Kennedy writes, "The fetus can be alive at the beginning of the dismemberment process and can survive for a time while it's limbs are being torn off. Dr. Carhart has observed fetal heartbeat via ultrasound with extensive parts of the fetus removed. (He) testified that mere dismemberment of a limb does not always cause death because he knows of a physician who removed the arm of a fetus only to have the fetus go on to be born as a living child with one arm. At the conclusion of a D&E abortion no intact fetus remains. In Dr. Carhart's words, the abortionist is left with 'a tray full of pieces'."
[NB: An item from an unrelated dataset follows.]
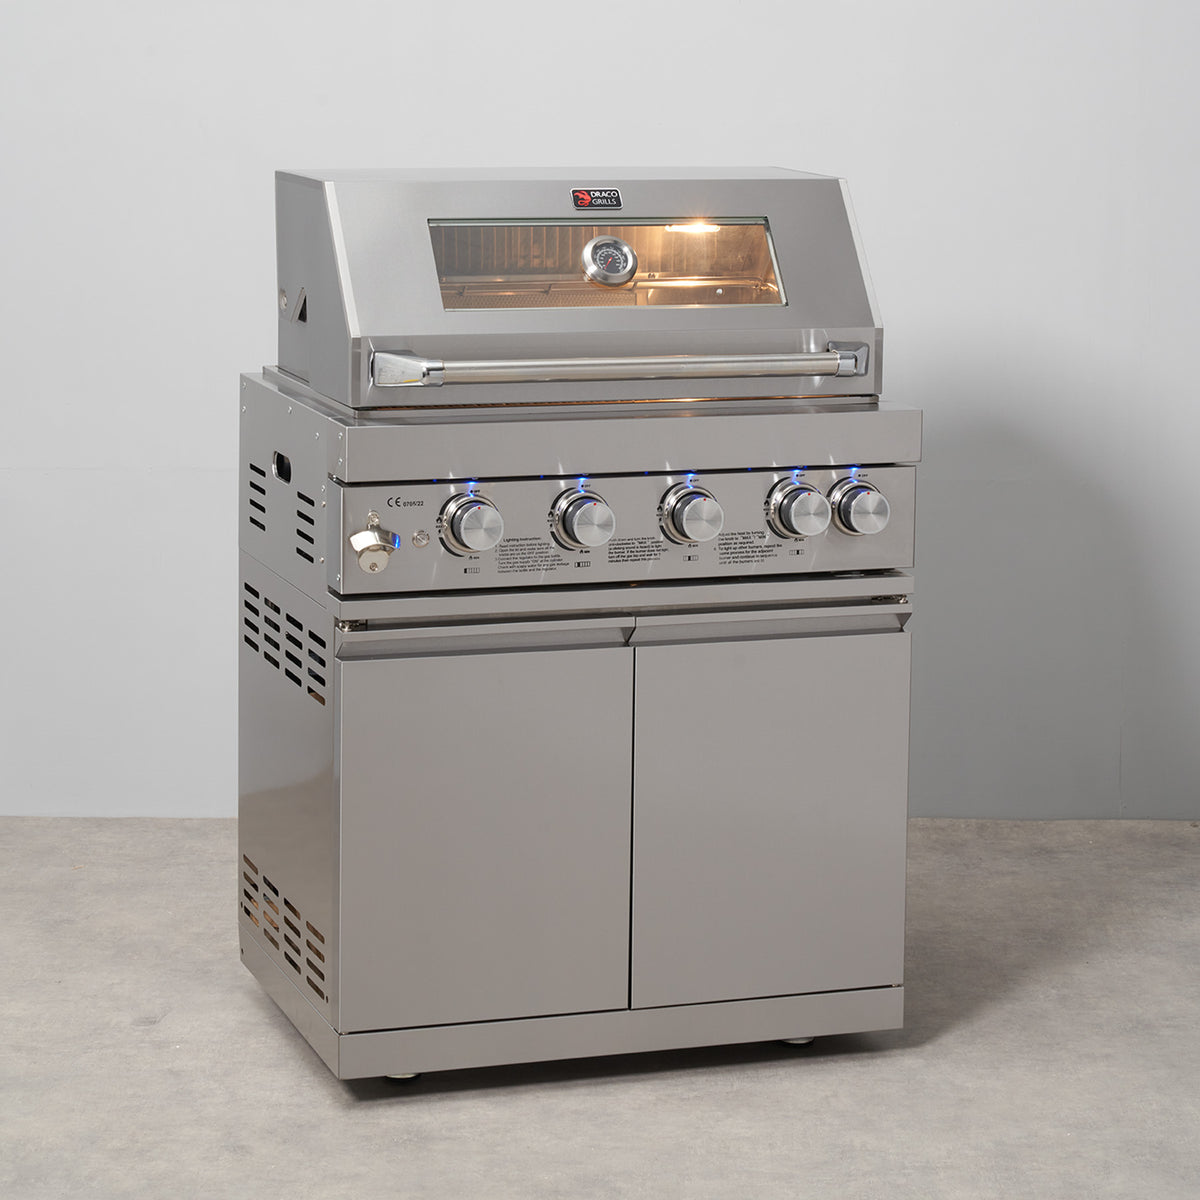 Draco Grills Z440 Deluxe 4 Burner Stainless Steel Gas Barbecue with Cabinet

So Carhart is Stalin. He's probably more hands on than Stalin, but Kennedy is definitely appalled. So it's pretty startling when you realize that Kennedy, Anthony Kennedy, Justice Anthony Kennedy, from Harvard, is the fifth vote for the procedure described above. You did it, dumb ass. This is your work.

Carhart allowed states to outlaw the D&X procedure, but not the D&E procedure described above. D&E remains a constitutional right, as decided by him, Justice Kennedy, and four other Ivy Leaguers. As Kennedy writes elsewhere, "The State's constitutional authority is a vital means for citizens to address these grave and serious issues, as they must if we are to progress in knowledge and understanding and in the attainment of some degree of consensus."

Well, take your time, buddy. No hurry. Progress! Onward! See you in twenty years!